** Opening INFORMATION PROVIDED block **

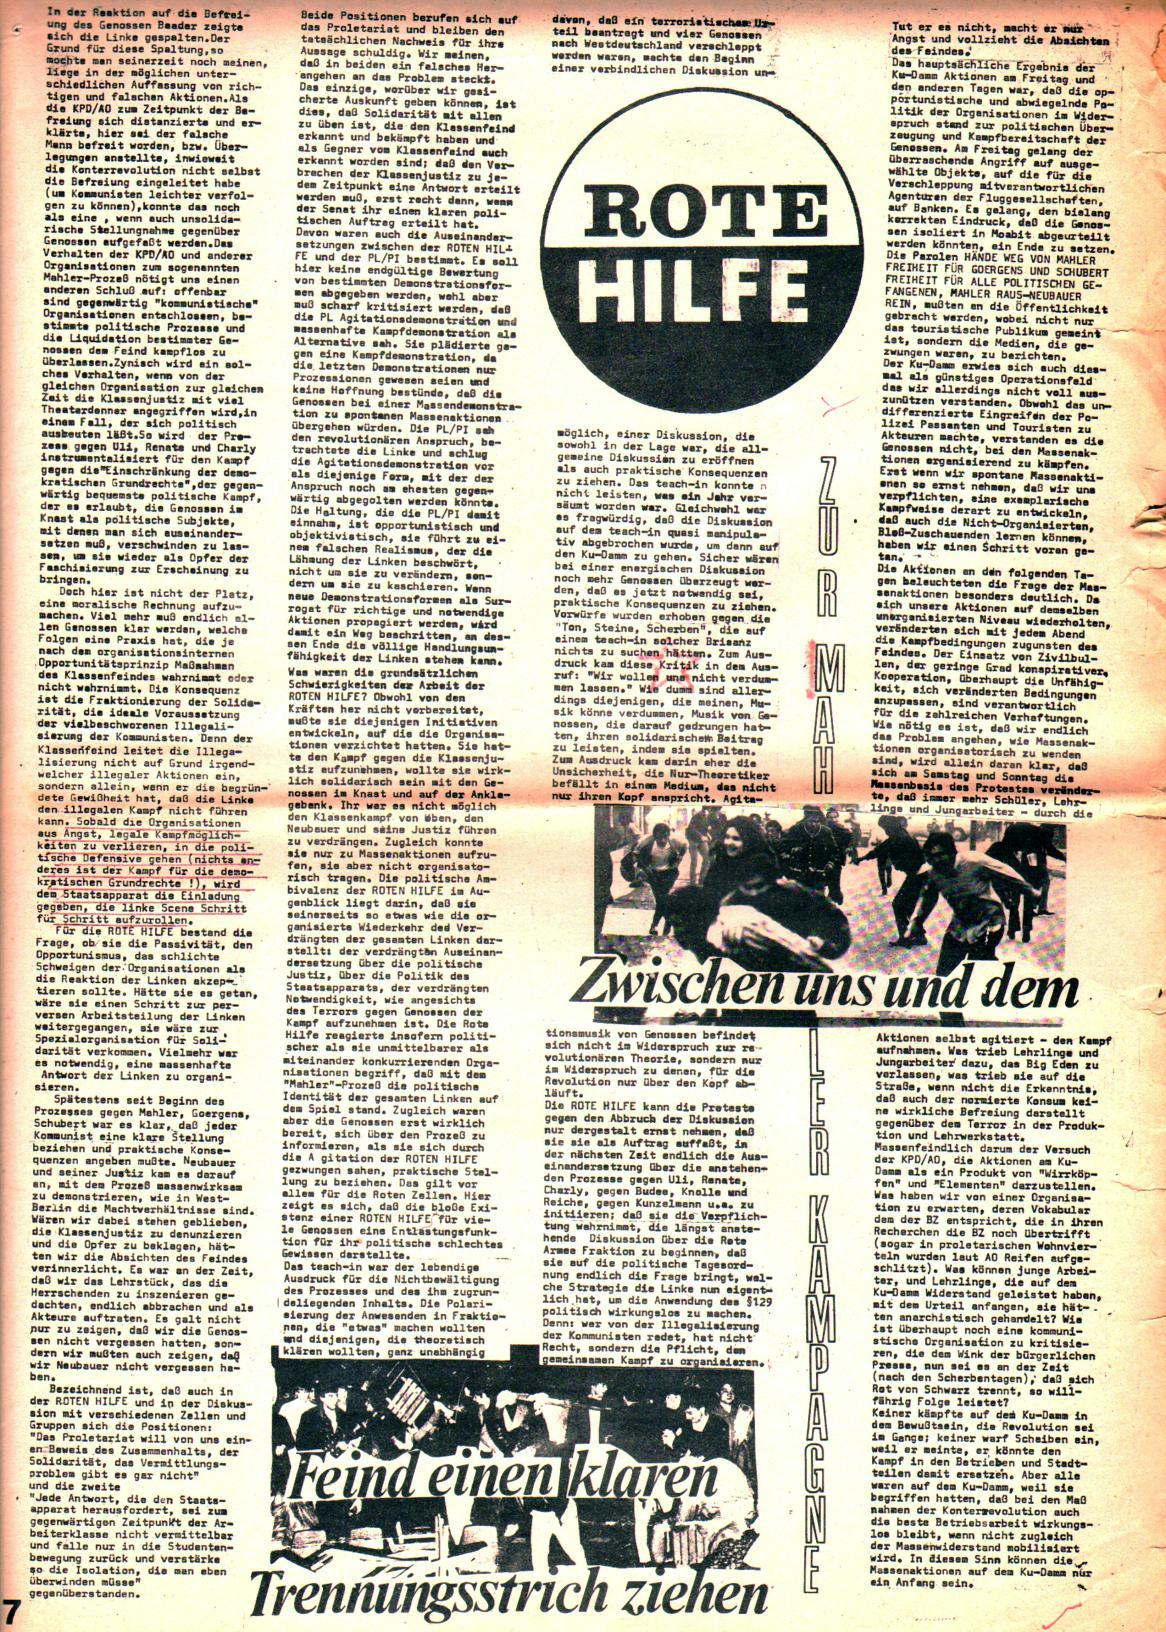 Berlin_Hochschulkampf_1971_11_07
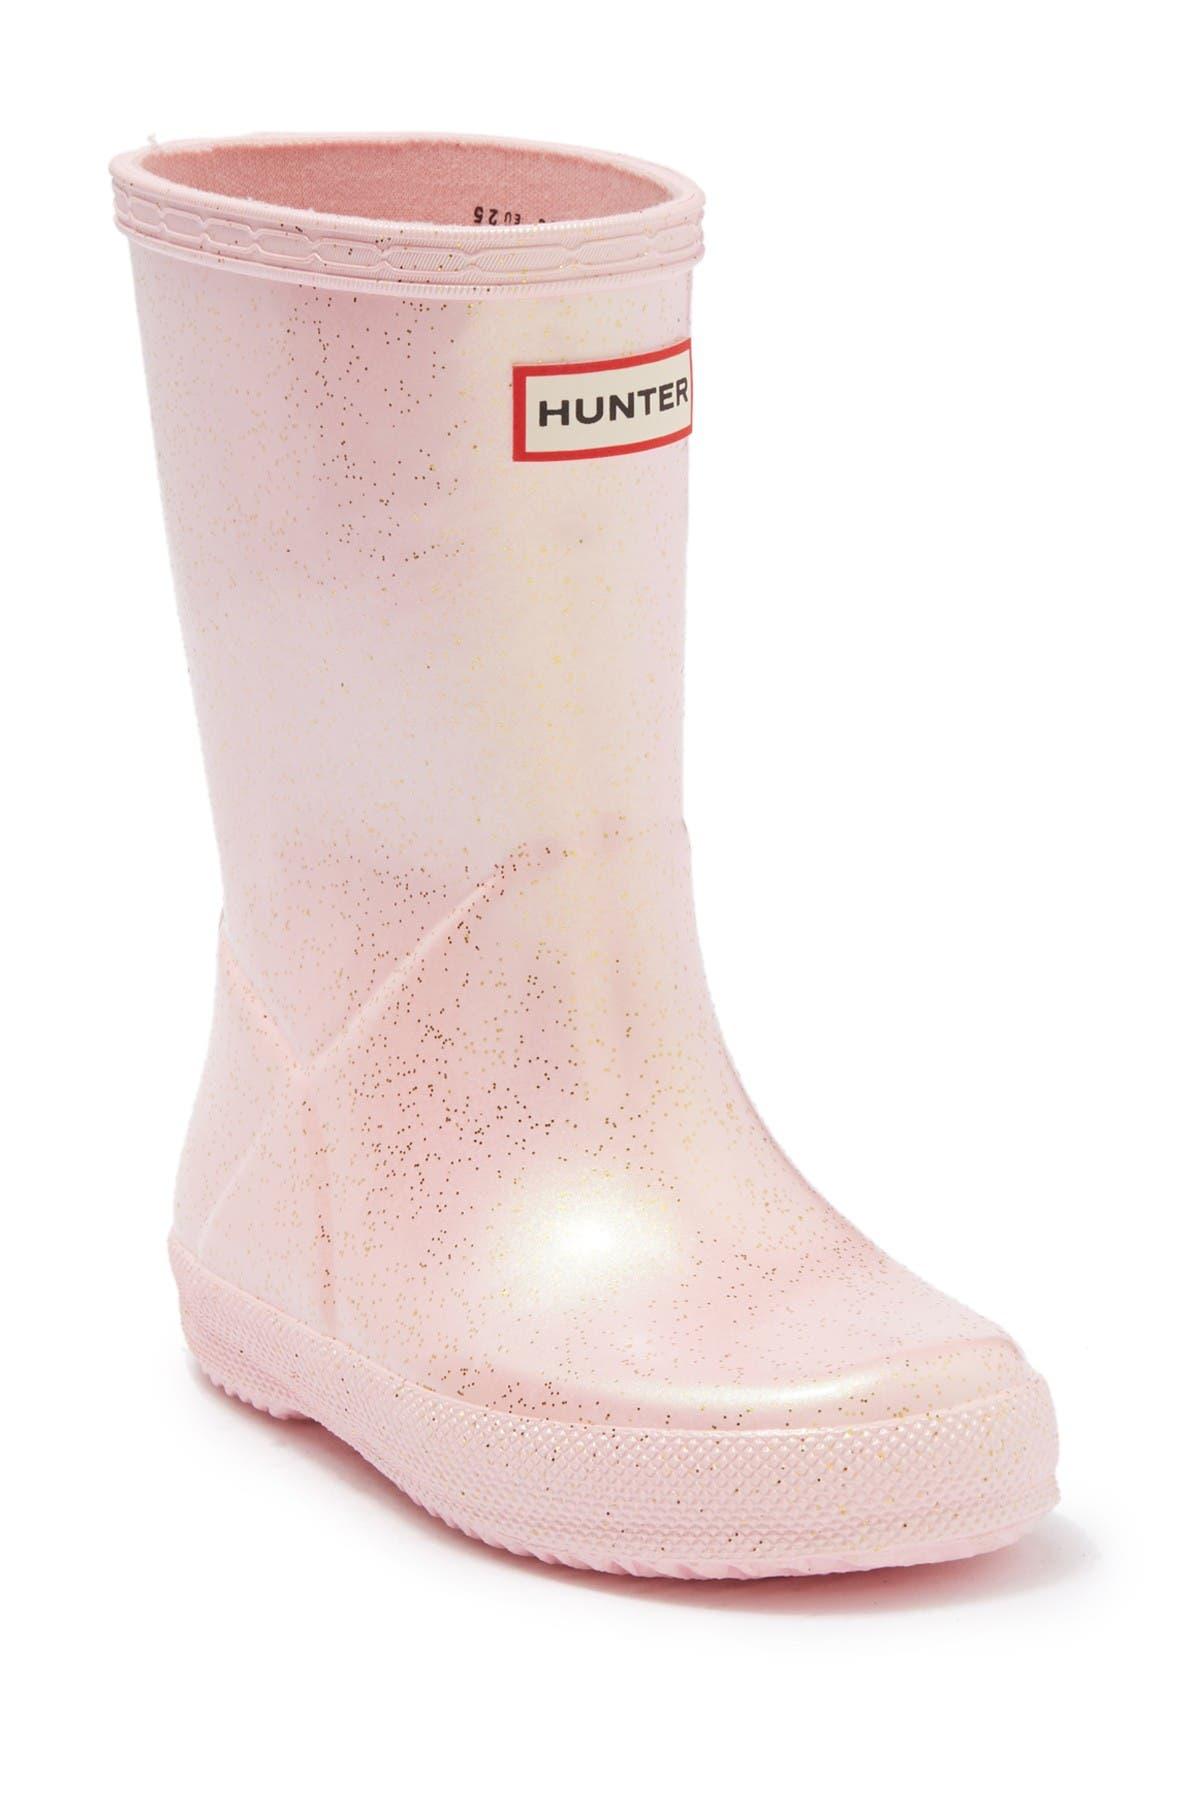 Image of Hunter Classic Supernova Glitter Waterproof Rain Boot
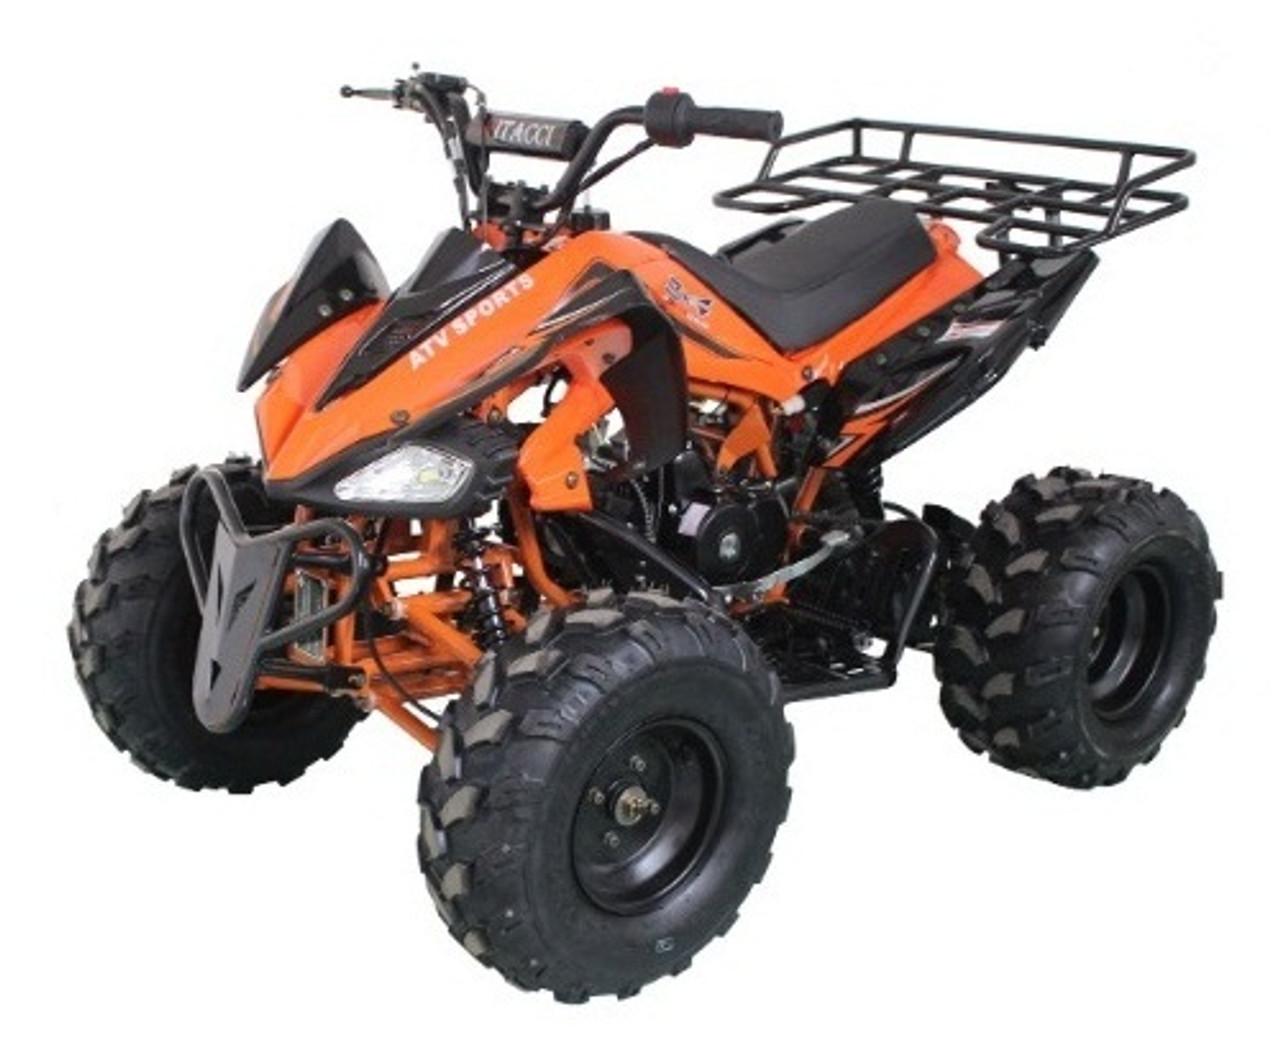 RPS High End JET-9 125cc ATV w/Steel Rims, Single Cylinder, 4 Stroke

** Closing INFORMATION PROVIDED block **

• [TASK TO CARRY OUT] Print the whole listing exactly, please, and keep any images out of it.

• [RESPONSE BELOW]
 Berlin_Hochschulkampf_1971_11_07
 Image of Hunter Classic Supernova Glitter Waterproof Rain Boot
 RPS High End JET-9 125cc ATV w/Steel Rims, Single Cylinder, 4 Stroke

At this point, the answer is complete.